What’s another thing this episode has going for it is a number of good performances from guest actors playing strong characters. I’m reminded of “Tomb of the Cybermen”, and how Doctor Who doesn’t always give us memorable guest casts in its base-under-siege stories. Lois Chimimba is perhaps the most relatable as the poor medic Mabli in over her head as she’s thrust into a dire situation, remarkably portraying the fear and doubt that would entail; but Suzanne Packer’s General Eve Cicero is the most developed. Packer really brings the air of a famous, decorated military leader to this part so that it doesn’t require much suspension of disbelief as her accomplishments are listed. She has a secret condition, known as Pilot’s Heart -a kind of extreme adrenaline-induced arrhythmia it seems, which she’s ashamed of due to her prideful nature, especially around her resentful engineer brother Durkas. Indeed, Ryan’s issues with his dad isn’t the only troubled family relationship explored in this episode, and the whole arc between Eve and Durkas, broken up though it may be, is played incredibly well. Packer and Doc Brown (though credited as Ben Bailey-Smith) are good enough actors to really carry this storyline. That’s not quite true with Jack Shalloo’s performance as Yoss though, as much as he tries. And David Shields gives a pretty good performance as Eve’s android consort Ronan, though he serves little more purpose than as a physical wedge between the Ciceros.

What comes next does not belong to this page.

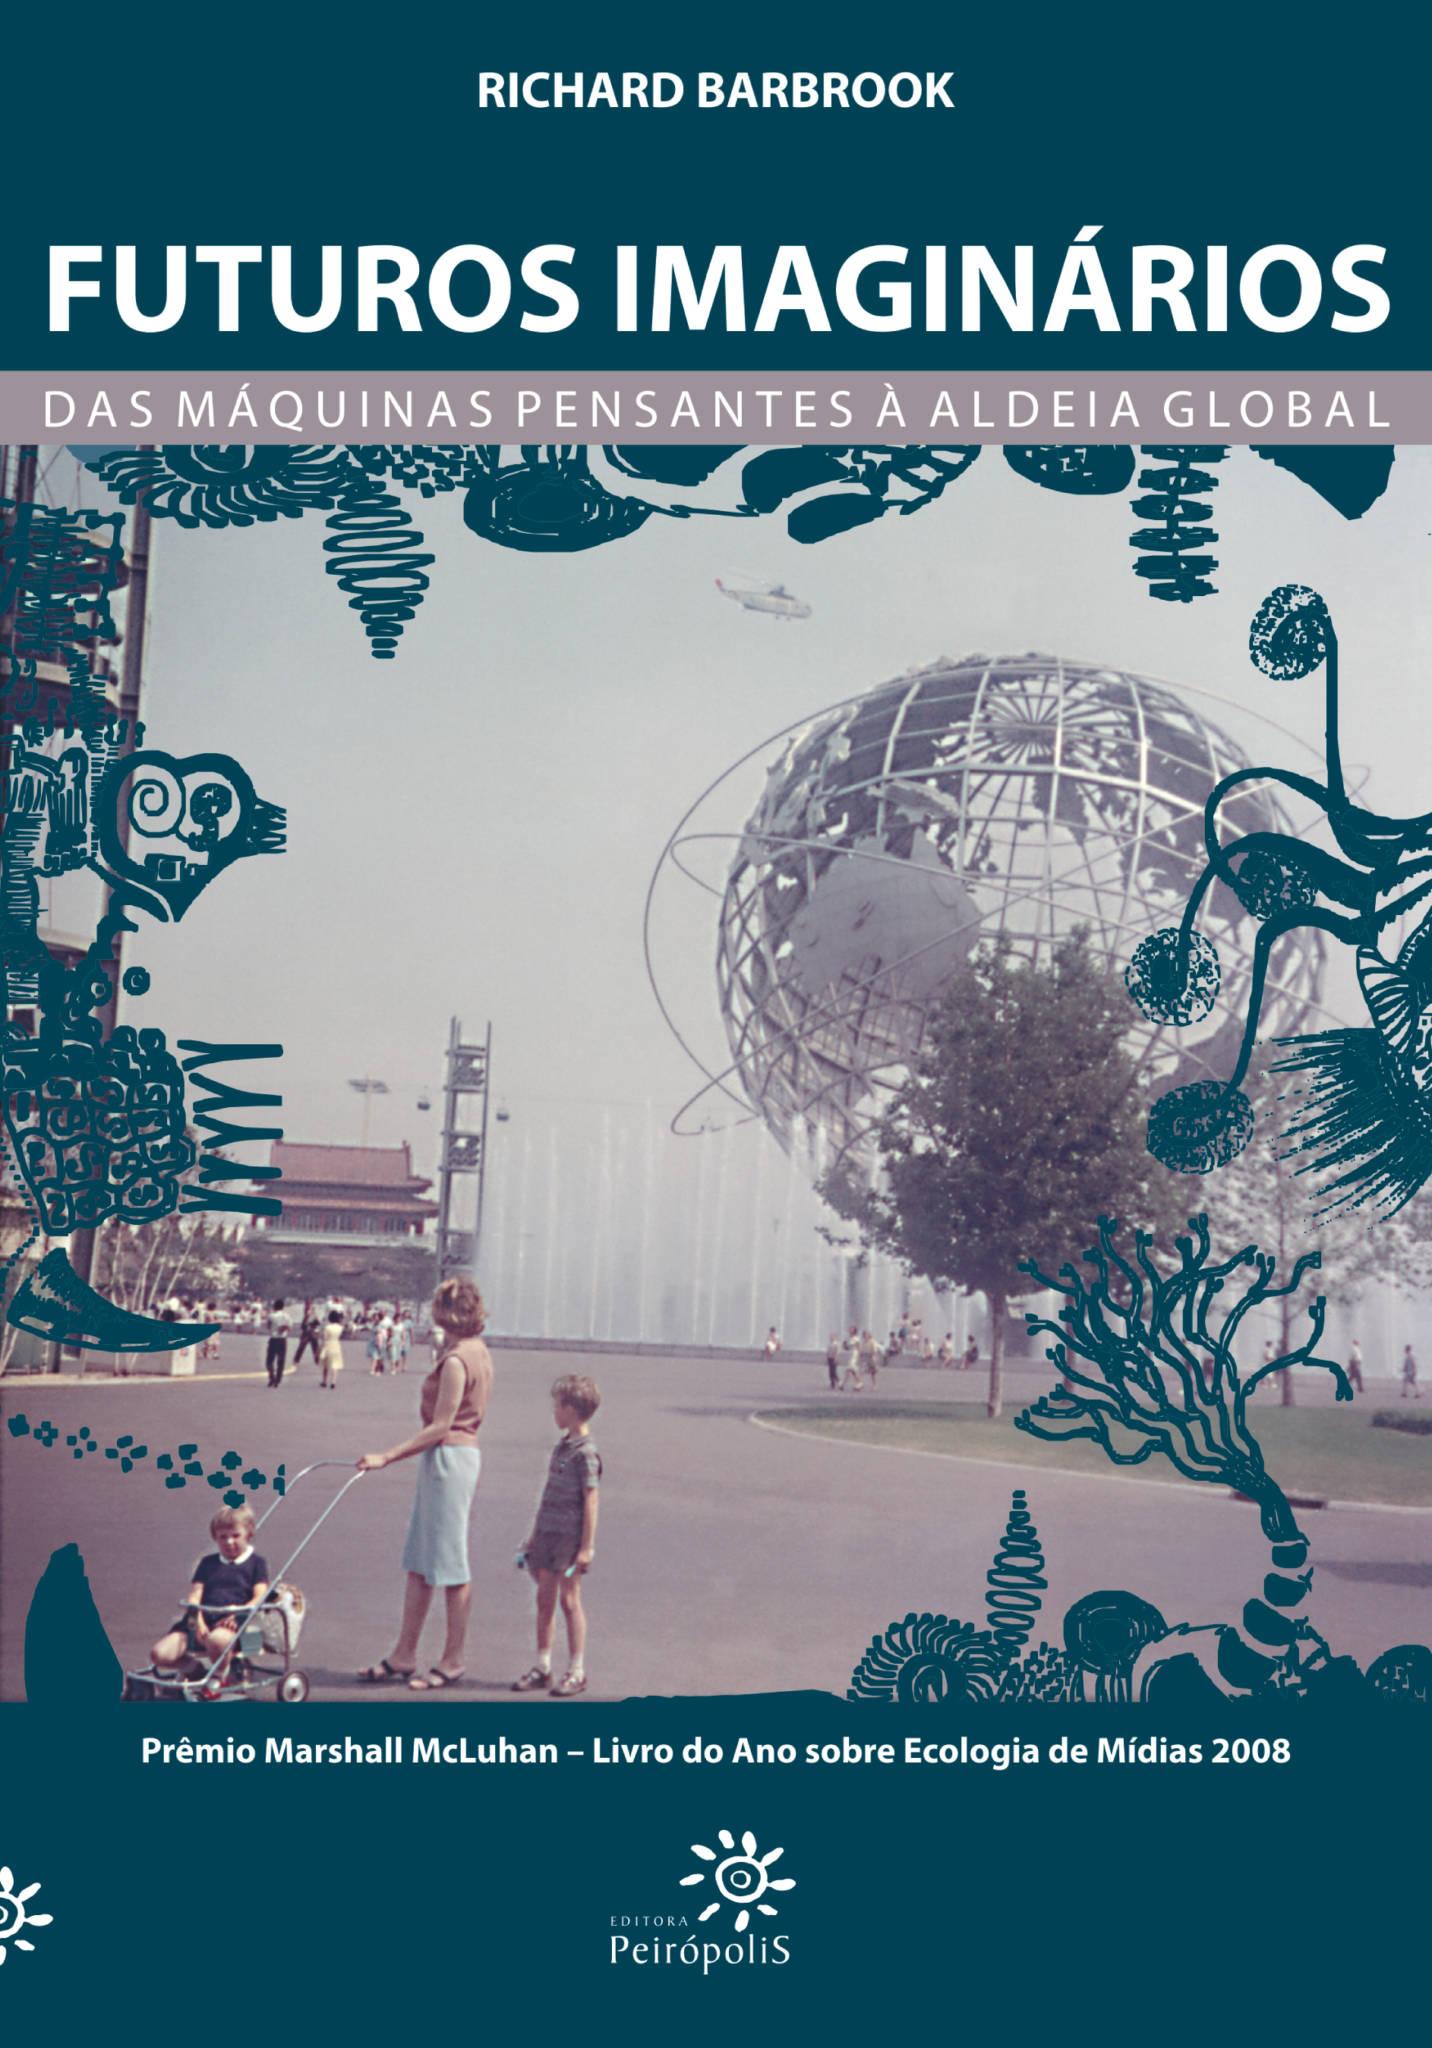 Imaginary Futures

Both the Cicero arc and Yoss’ pregnancy come to satisfactory conclusions, though the latter’s is fairly conventional. Eve’s heartfelt reconciliation with Durkas and subsequent death in saving the ship feels earned, even the funeral and rites which leave the TARDIS out of the episodes’ ending don’t come off unwarranted. Far better than the airlock ejection of the Pting in a comical manner which preceded it by minutes. I think that may be the biggest crime of the Pting and this episode as a whole. There’s a lot of drama and genuine pathos from both the regular cast and the guest characters in a story that really could be tense and compelling. The production design and directing by Jennifer Perrot even deserves commendation. But this terrible antagonist diminishes all that. The Pting isn’t even in the episode for a large percentage of screen-time, but its influence does cast an annoying shadow.
I’d have to say however for its characters and themes alone, I did like this episode a lot more than I disliked is; but that I feel Doctor Who should walk the line of insipid, highly commercial creatures less thinly in the future. As promising as Chibnall’s plan of introducing new monsters rather than returning to old ones is, this flaccid potato frog should not make a reappearance.